How do you move thousands of tons of coal per day from railroad cars into ocean-going ships? You build the largest shiploaders in the world.

Along the Mississippi River, North of New Orleans, stands a new dock, nearly 1500 feet long. Until this month, it was mostly empty, but 12 concrete pedestals projected several feet above the dock. Each pedestal holds 12 steel bars, in a precise pattern, projecting vertically for a couple feet. 

3D Imaging Services scan of shiploader pedestals.

Seven-hundred miles away, three steel towers grew to more than the height of four-story buildings. The feet of each tower must be precisely built so that the tower can be lifted and secured on the pedestals in Louisiana. Also, each tower foot contains 12 machined holes that must precisely match the dimensions and patterns of the steel bars on the docks. Moreover, once installed, the tops of the towers must be dead level. But no person may be on the towers as they are set in place. Installation of the towers requires a team of 40 engineers and mechanics and a crane that costs $30,000 per day. How do you ensure that all 144 machined holes will exactly fit the 144 steel bars waiting 700 miles away?

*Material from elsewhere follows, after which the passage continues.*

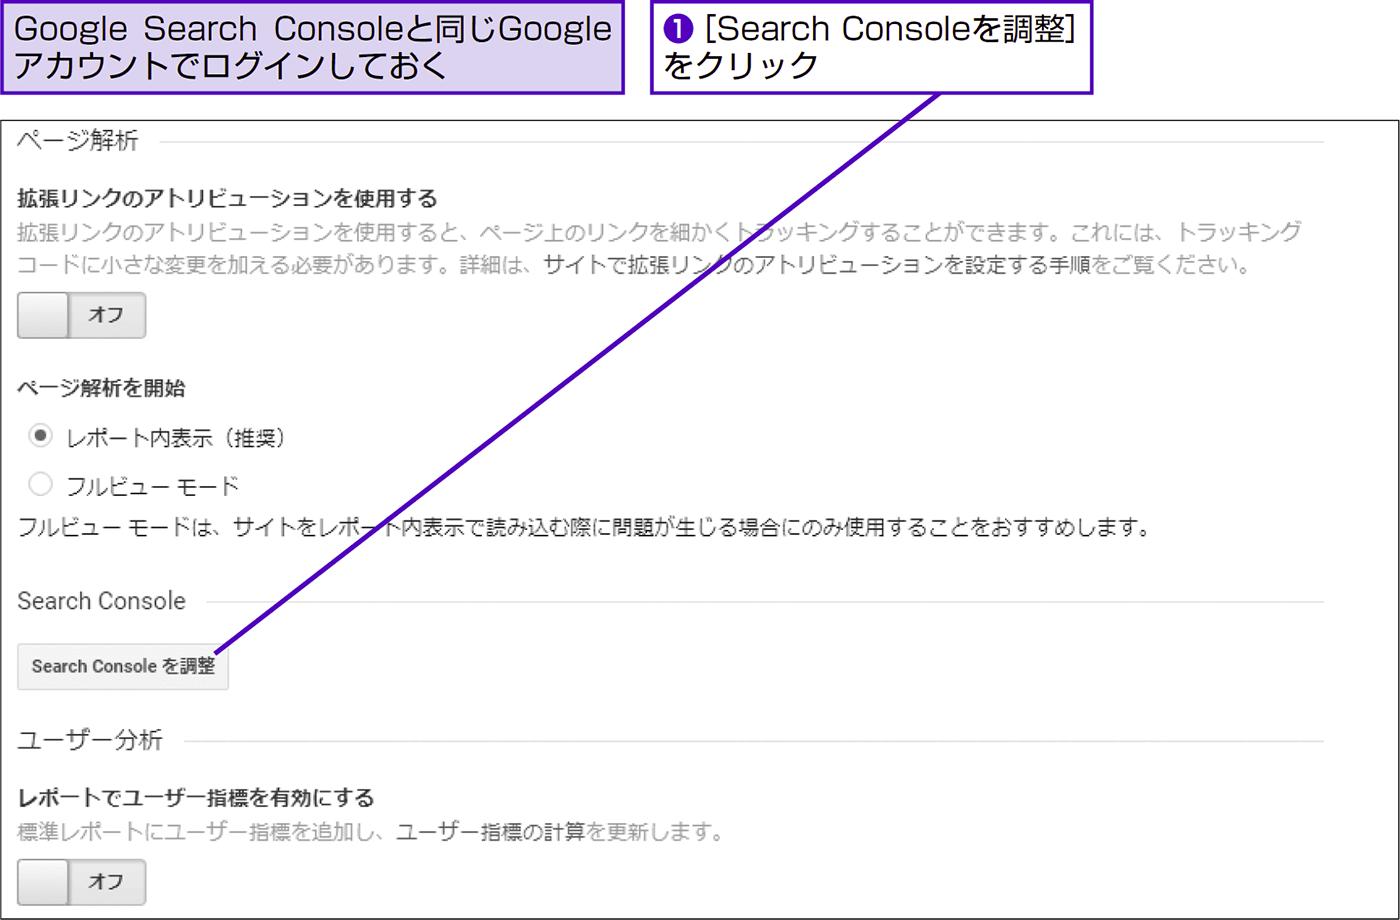 Google Search Consoleのアカウントとリンクする - できる逆引き Googleアナリティクス 増補改訂2版

The potential for costly errors is both obvious and unnerving. 

Installation of shiploader structures.

3D Imaging Services used laser scanners to measure the dock, the pedestals, and steel bars on the Mississippi River, and we measured the towers while they were still being built in Florida. We identified errors that would have prevented two of the towers from being set in place; the steel company made corrections before the towers were shipped across the Gulf by barge. 

Mississippi River shiploader installation.

In Florida, 3DIS also made specific measurements of the completed towers so that they could be positioned with the tops exactly level even though no one was on the towers until they were secured. Savings to the owner totaled more than $300,000 and more than two weeks of delay on the project site.